Unfortunately his book of the dead was not complete as his diabetes induced dementia had made it so he could not complete it. SO, once he went into hospice and I realized I was going to lose him I started working on completing it for him. That has been an emotional roller-coaster for me because many of the horses in that book are horses he and I lost together during the 22 years he has been my friend. Also unfortunately, many of those horses are buried out west where we used to live and the rest buried here in Kentucky. Consequently I have decided to take the cremation route with his body so that I can bury half his ashes in Kentucky with the horses here, and half out west with the horses there.
That is double important to me because the property out west is for sale so I will not be able to have any of my ashes buried there with those horses when I die, and this property here in Kentucky will be sold when I move to Florida so I will not be able to have any of my ashes buried here when I die, so his sole will have to be the steward to all those horses to help them meet up with me when I die.
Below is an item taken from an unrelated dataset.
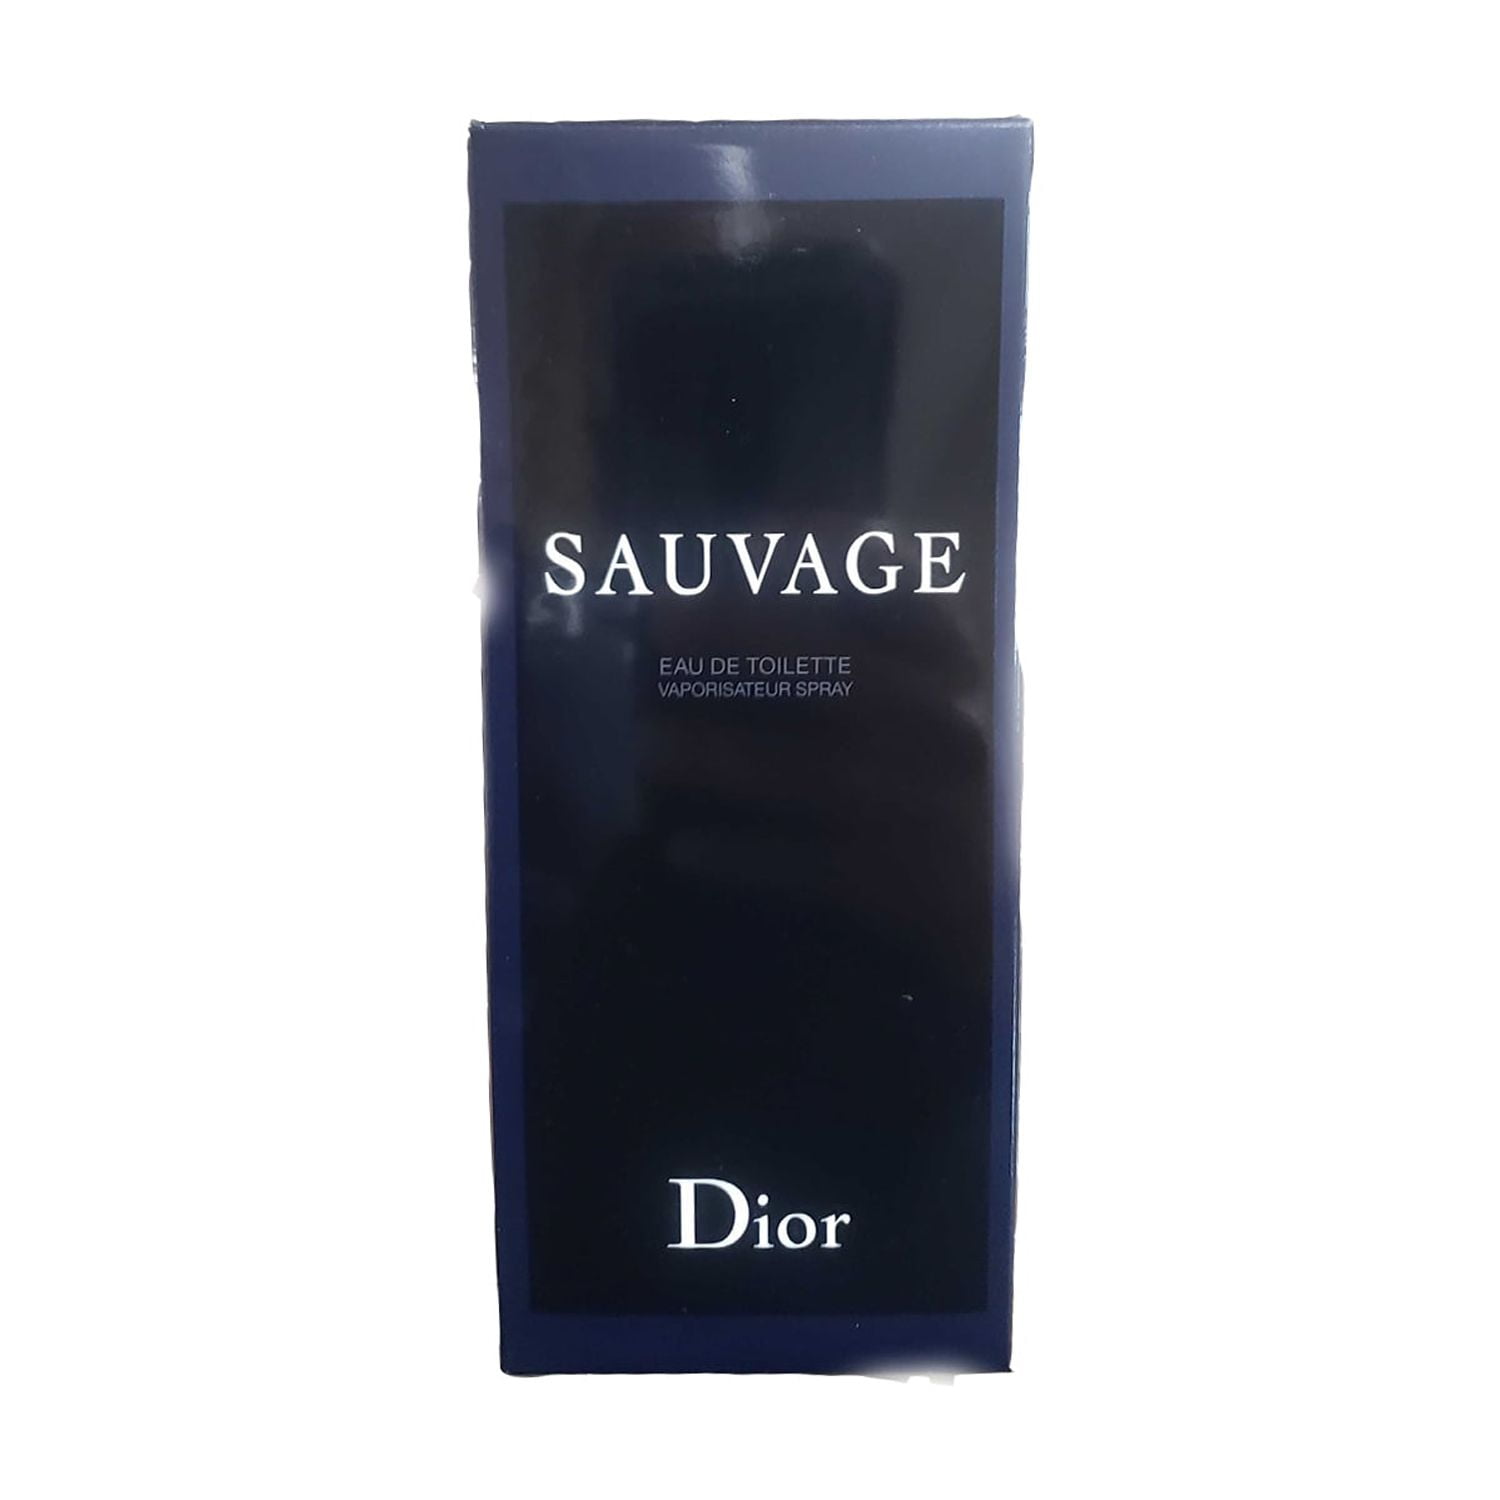 Dior Sauvage Eau de Toilette, Cologne for Men, 6.8 Oz

His book of the dead had such an impact on me, that as I was completing his book of the dead, I started a book of the dead myself as many of those same horses will be in my book. I may not have sexual interest in my horses, but I love them just as deeply.

I know this is a long winded post, but I cannot tell his true story anywhere else since he did not want his family knowing he was zoo.

This written in loving memory of my best friend I am calling Beau as well as the horse the name Beau actually belongs to, and all of the other horses Beau and I cared for together over the years!
Reading this has brought me to tears and I didn't even know this person. My thoughts are with you at this time, and I think you are doing great honour to your friend through your actions as you have described here, we all should have such a good friend.
 
Sorry to hear about that man. I lost a good friend many years ago from diabetes as well; really crappy disease... and had to lay to rest a lot of good people in my life. I hope you and your horses are doing well man.